Earlier this month the European Commission was advised by one of its supervisory authorities to change a regulation that would otherwise have the effect of imposing a uniform method of calculating "mortgage lending value" across the EU. Why has there been this apparent pushback against the tide of pan European integration of financial services regulation?
The question of the percentage of value that can be prudently lent as a mortgage loan has been a perennial problem for both lenders and those who regulate them. Many see a problem in the fact that the value of the property held as security can fluctuate significantly over the term of the loan. A loan that is well secured one year may not be the next if market conditions change for the worse. Over one hundred years ago, some German issuers of bonds secured on the income from mortgages (covered bonds) invented the concept that has become known as “mortgage lending value” (MLV), which is a method of calculating a figure that its proponents claim provides a value that will be valid throughout the life of a loan.
The idea of a value measurement that can always be relied upon regardless of what the market may be doing is clearly seductive to those concerned about lending risk. Because of this, in recent years MLV has migrated from its origins in the German covered bond, or Pfandbrief, market. For example it now features in regulations and directives issued by the European Union on the measurement of the capital that must be held by financial institutions. In the calculation of the capital a bank is required to hold to maintain its solvency, mortgage loans secured against the MLV of property carry a more favourable risk weighting than those secured against the more common measure of market value.

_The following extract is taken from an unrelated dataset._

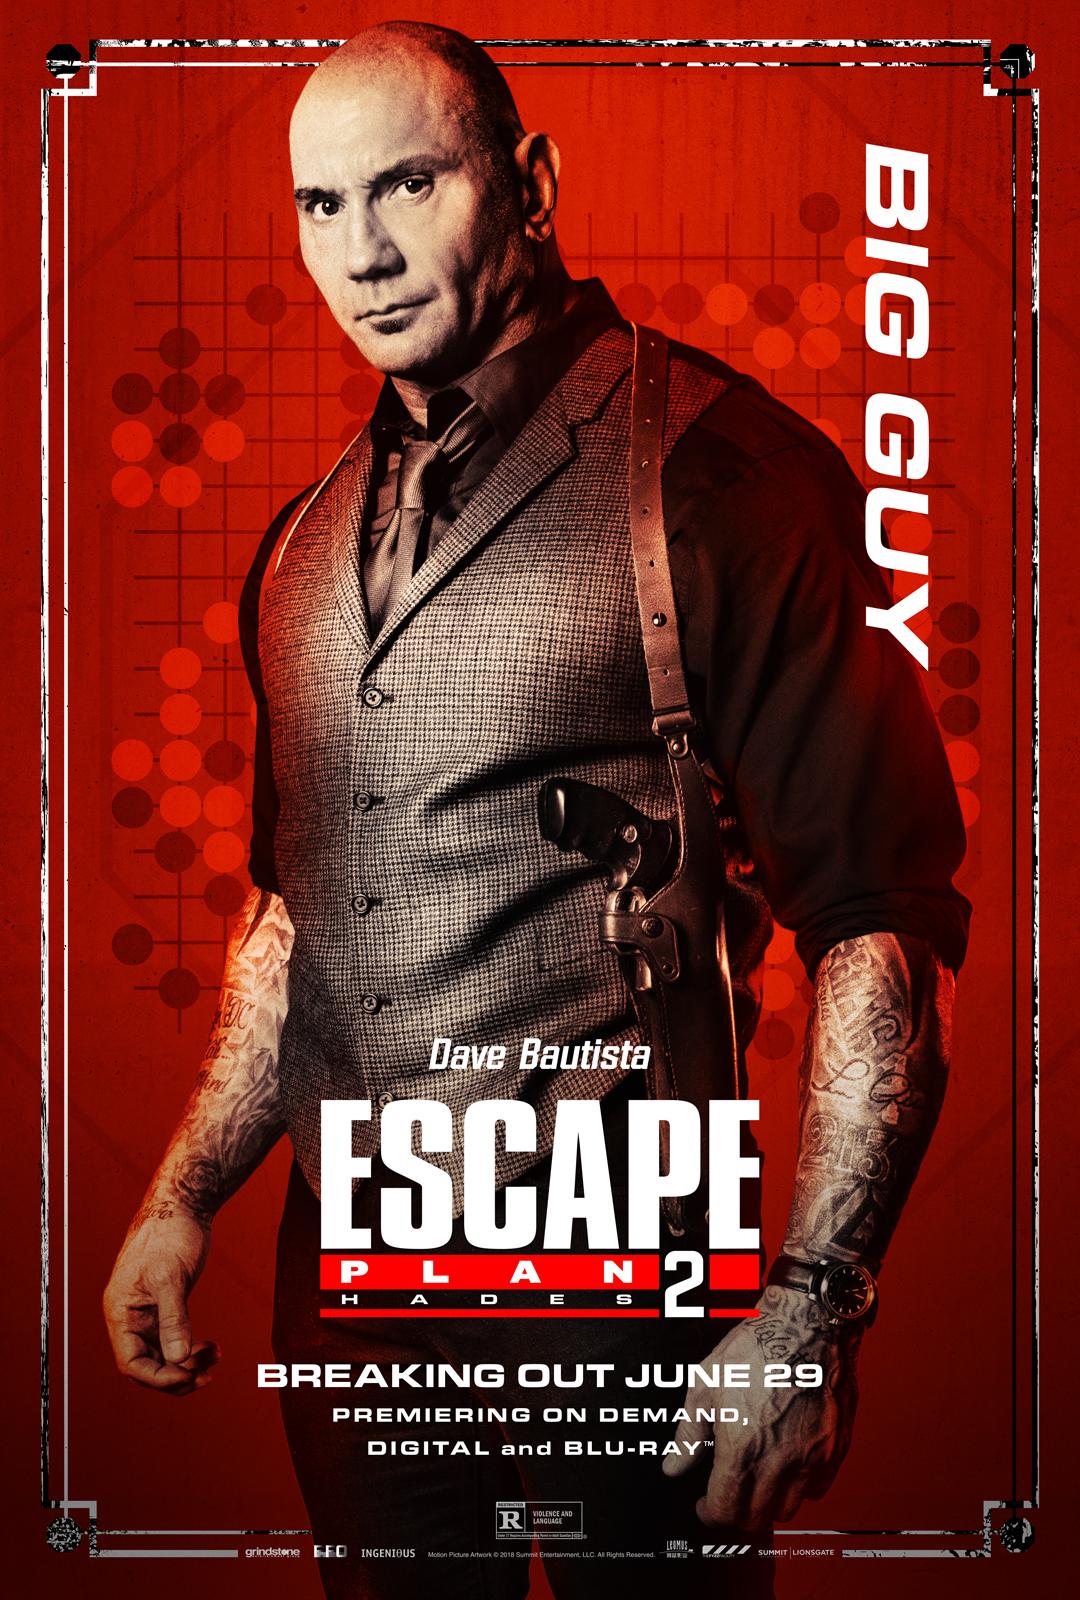 Dave Bautista in Escape Plan 2: Hades (2018)

The European Union had included a provision in the Capital Requirements Regulation (CRR) that required the European Banking Authority (EBA) to produce Regulatory Technical Standards (RTS) for the calculation of MLV, with the objective of ensuring this would be done consistently across the EU. However, in the course of preparing the RTS the EBA has recognised the extent to which MLV is determined by national regulation in the covered bond markets in Germany and some other European states. It has advised the European Commission that to oblige those covered bond markets currently using MLV to change to a pan European method of calculation would create a substantial risk of introducing a disproportionate cost on both the institutions involved and the relevant supervisory authorities. The EBA has accordingly issued an opinion in which it advises the European Commission that the CRR should be amended to limit the scope of the proposed RTS so that they do not apply to covered bonds held by financial institutions.*
The method for calculating MLV to be introduced by the EBA would still apply where it is a permitted measurement option for secured loans under the Standardised Approach, Credit Risk Mitigation Framework and Large Exposure provisions of the CRR. However, there is a certain irony that, having studied the technical implications of drafting a pan EU method for calculating MLV, the EBA is recommending that the market from which the concept emerged should be taken out of the scope of its project.
I would suggest that the recommendation has come from the realisation that, unlike market value, MLV is not based on observable behaviour and prices in the relevant market but is an artificial construct. The methods of calculating MLV currently in place in national regulation use certain market inputs but forbid the use of others in favour of inputs that are determined by regulation. For example, under the German BelWertV regulation, while MLV is supposed to have regard to normal regional market conditions, there are stipulated minimum yields that can be applied to investment property and a minimum percentage of income that must be deducted to reflect operating expenses. Furthermore, temporary, economically induced fluctuations in value have to be disregarded along with speculative elements. But notwithstanding the direction to disregard economically induced fluctuations, the MLV cannot exceed the market value at the date of its assessment, so if this is the case a further adjustment has to be made.
MLV undeniably is a regulatory construct, unlike market value, which is an observable and measureable economic concept common to all markets. As such MLV is what the relevant regulator wants it to be. The EBA seems to have recognised that since there is no "right" scientific answer involved there is little to be gained in creating a set of RTSs that will conflict with the well-established regulations in the covered bond markets, such as those in Germany. The alternatives of either extending the limits and conditions deemed appropriate for the German Pfandbrief market across the whole of the EU, or of requiring the Germans to replace their long established method of subjecting a market price to various haircuts with something that was workable across the whole of Europe would both be unpalatable. Either would cause problems out of all proportion to their relevance to the central objective of the CRR, which is to ensure that banks hold adequate capital reserves.
The reaction of the European Commission to this recommendation is awaited, but hopefully it will recognise the pragmatism of the EBA’s position and put in hand the suggested amendment. Of course the elephant in the room is whether MLV does actually offer what it claims, or whether there is other information that would be more useful to a lender in assessing the contribution that the security offered makes to the overall risk profile of a loan. However, that is a debate for another day.